11.14.07
Yahoo! Security impressed me.
I got an early Christmas gift this year. My fiance bought me a subscription to Yahoo! Music Unlimited, 2 million songs that I can stream / download on demand (which is awesome, if anyone's been thinking about buying it). Now in order to use Yahoo! Music Unlimited, I had to install Yahoo! Music Jukebox. The program's search feature was obviously web based, so I became a little curious. I started testing various inputs into the search box. Now basics like <script> were filtered out but I wanted to see where I could take this.
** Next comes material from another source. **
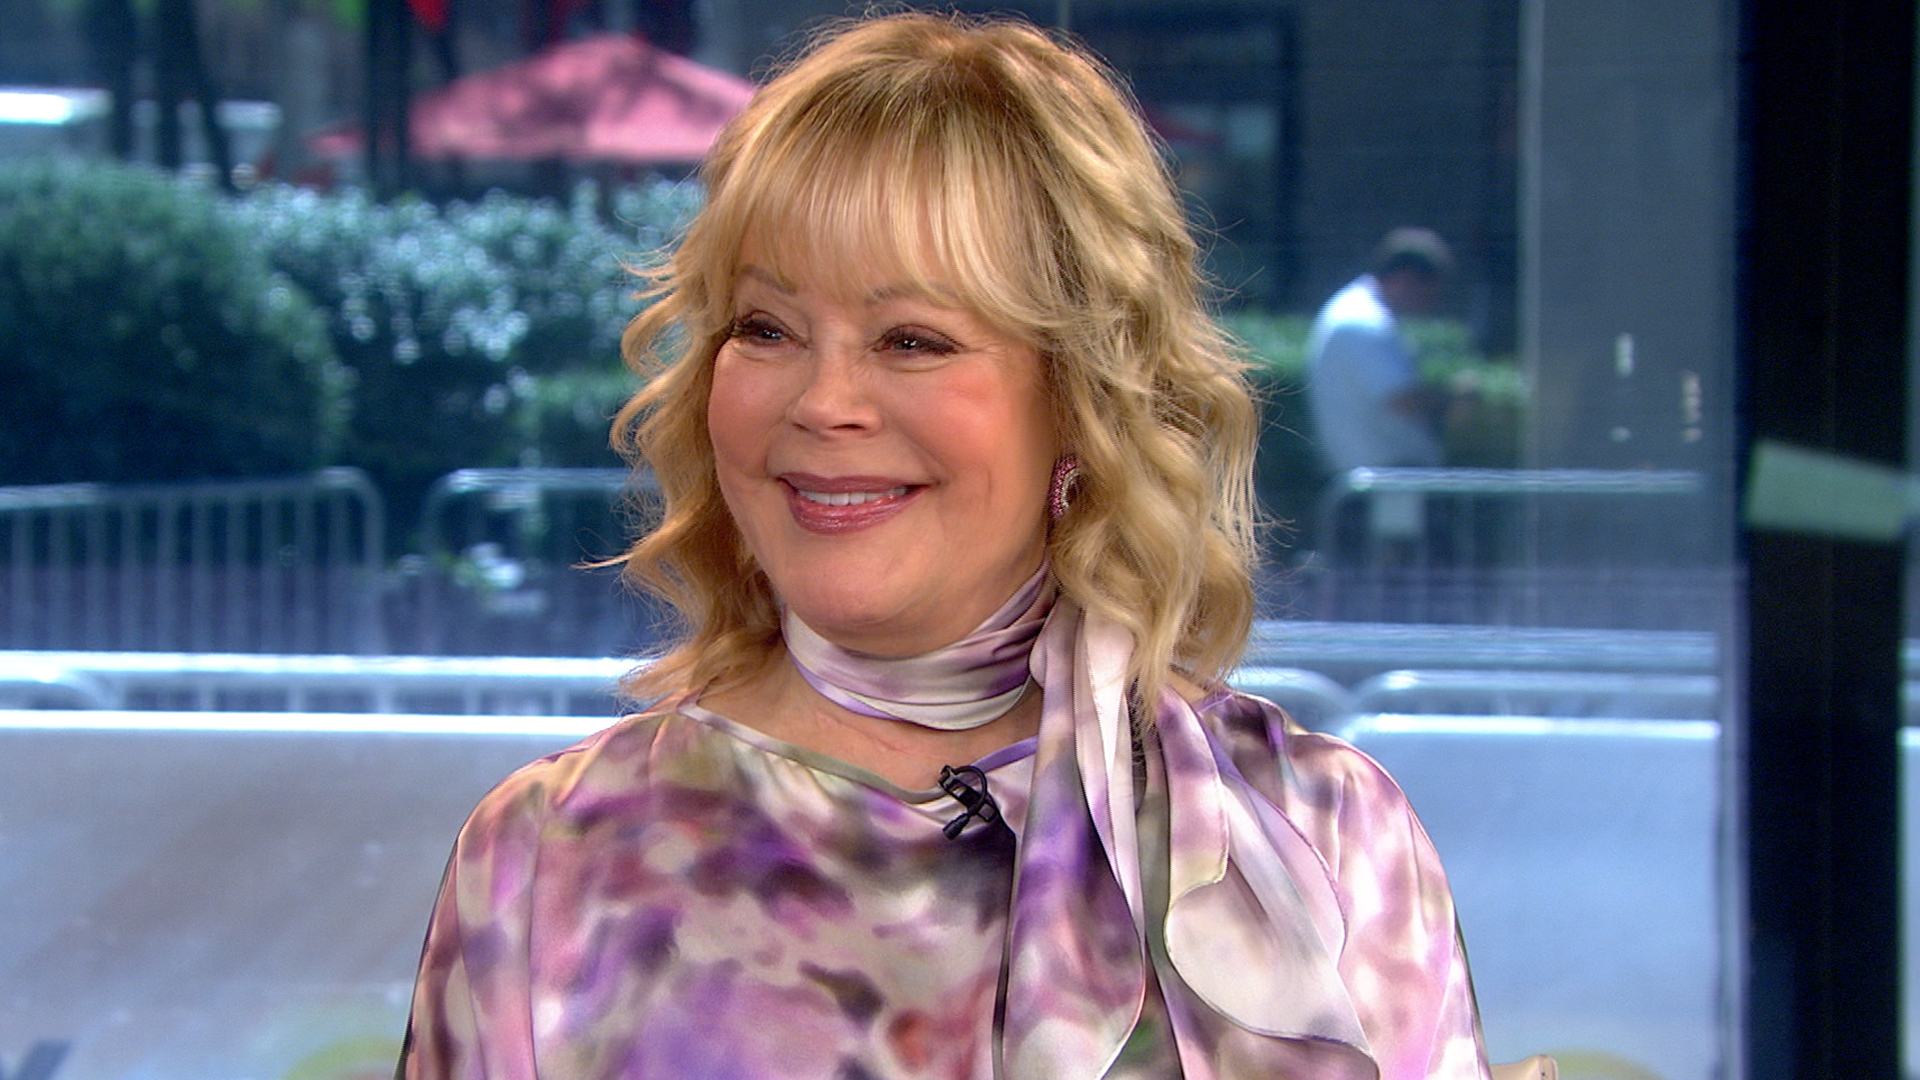 Candy Spelling wearing a matching purple scarf and top

In my 30 minutes or so of search, I found two issues.
- %00 was accepted into the search box and would cause early termination of the search page when it was loading.
- test%3Cimg%09src%3Djavascript%3Aalert(document.cookie)%3EFaith was a valid XSS. The 'Faith' had to be appended to the end because it would still attempt to search for an artist, and would actually find a match with the data provided prior to 'Faith' using some sort of guessing algorithm. 'Faith' caused the guessing algorithm to not match.
I reported these issues to Yahoo! Security on Nov. 9th and received a same day response. It didn't have the same personalized feel that a report to Microsoft has, but it was speedy. Yesterday (Nov. 13th), I received another email from Yahoo! Security telling me that a fix had been implemented and asking me to test it. I tested it and it was indeed fixed, I was rather impressed.